YOUR OBJECTIVE: From the entries below, return exactly the lines beginning at the one that contains "tolles Bild von" and ending at the one that contains "le 24 Septembre.", both of them included, and only those lines.
=== RECORDS SHOWN ===
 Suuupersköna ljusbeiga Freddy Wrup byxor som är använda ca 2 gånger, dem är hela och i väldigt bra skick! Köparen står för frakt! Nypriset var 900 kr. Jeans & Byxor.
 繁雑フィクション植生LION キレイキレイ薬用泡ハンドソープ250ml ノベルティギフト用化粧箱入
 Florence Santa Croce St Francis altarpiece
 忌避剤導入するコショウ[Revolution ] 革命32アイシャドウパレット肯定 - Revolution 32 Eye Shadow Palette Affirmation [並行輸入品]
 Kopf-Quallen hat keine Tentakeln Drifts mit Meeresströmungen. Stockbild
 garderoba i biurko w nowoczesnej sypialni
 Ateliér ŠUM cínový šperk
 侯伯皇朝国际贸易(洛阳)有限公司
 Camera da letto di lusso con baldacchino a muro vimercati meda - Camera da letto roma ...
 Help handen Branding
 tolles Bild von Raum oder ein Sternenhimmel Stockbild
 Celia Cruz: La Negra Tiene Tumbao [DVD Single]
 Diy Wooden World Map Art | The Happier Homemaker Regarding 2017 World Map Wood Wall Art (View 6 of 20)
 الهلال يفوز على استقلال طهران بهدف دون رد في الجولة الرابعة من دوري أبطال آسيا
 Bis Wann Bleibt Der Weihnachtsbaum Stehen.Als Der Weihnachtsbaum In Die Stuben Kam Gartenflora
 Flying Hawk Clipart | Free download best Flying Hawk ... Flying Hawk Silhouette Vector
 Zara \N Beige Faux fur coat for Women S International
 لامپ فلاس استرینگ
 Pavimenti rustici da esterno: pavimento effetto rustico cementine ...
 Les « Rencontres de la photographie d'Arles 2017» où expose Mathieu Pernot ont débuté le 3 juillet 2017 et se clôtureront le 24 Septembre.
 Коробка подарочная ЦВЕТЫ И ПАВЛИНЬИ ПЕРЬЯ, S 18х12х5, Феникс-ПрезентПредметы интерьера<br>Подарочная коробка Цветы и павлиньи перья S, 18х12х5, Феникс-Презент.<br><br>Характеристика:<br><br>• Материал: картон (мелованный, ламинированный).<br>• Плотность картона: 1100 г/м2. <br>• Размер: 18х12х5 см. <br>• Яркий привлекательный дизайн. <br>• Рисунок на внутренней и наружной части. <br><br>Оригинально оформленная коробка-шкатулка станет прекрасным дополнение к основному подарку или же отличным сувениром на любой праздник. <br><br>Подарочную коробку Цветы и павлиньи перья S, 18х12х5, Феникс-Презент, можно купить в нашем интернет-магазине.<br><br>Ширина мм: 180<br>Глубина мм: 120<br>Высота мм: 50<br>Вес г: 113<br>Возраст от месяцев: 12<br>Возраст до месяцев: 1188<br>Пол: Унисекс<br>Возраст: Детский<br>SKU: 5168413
===
EXERCISE OUTPUT:
 tolles Bild von Raum oder ein Sternenhimmel Stockbild
 Celia Cruz: La Negra Tiene Tumbao [DVD Single]
 Diy Wooden World Map Art | The Happier Homemaker Regarding 2017 World Map Wood Wall Art (View 6 of 20)
 الهلال يفوز على استقلال طهران بهدف دون رد في الجولة الرابعة من دوري أبطال آسيا
 Bis Wann Bleibt Der Weihnachtsbaum Stehen.Als Der Weihnachtsbaum In Die Stuben Kam Gartenflora
 Flying Hawk Clipart | Free download best Flying Hawk ... Flying Hawk Silhouette Vector
 Zara \N Beige Faux fur coat for Women S International
 لامپ فلاس استرینگ
 Pavimenti rustici da esterno: pavimento effetto rustico cementine ...
 Les « Rencontres de la photographie d'Arles 2017» où expose Mathieu Pernot ont débuté le 3 juillet 2017 et se clôtureront le 24 Septembre.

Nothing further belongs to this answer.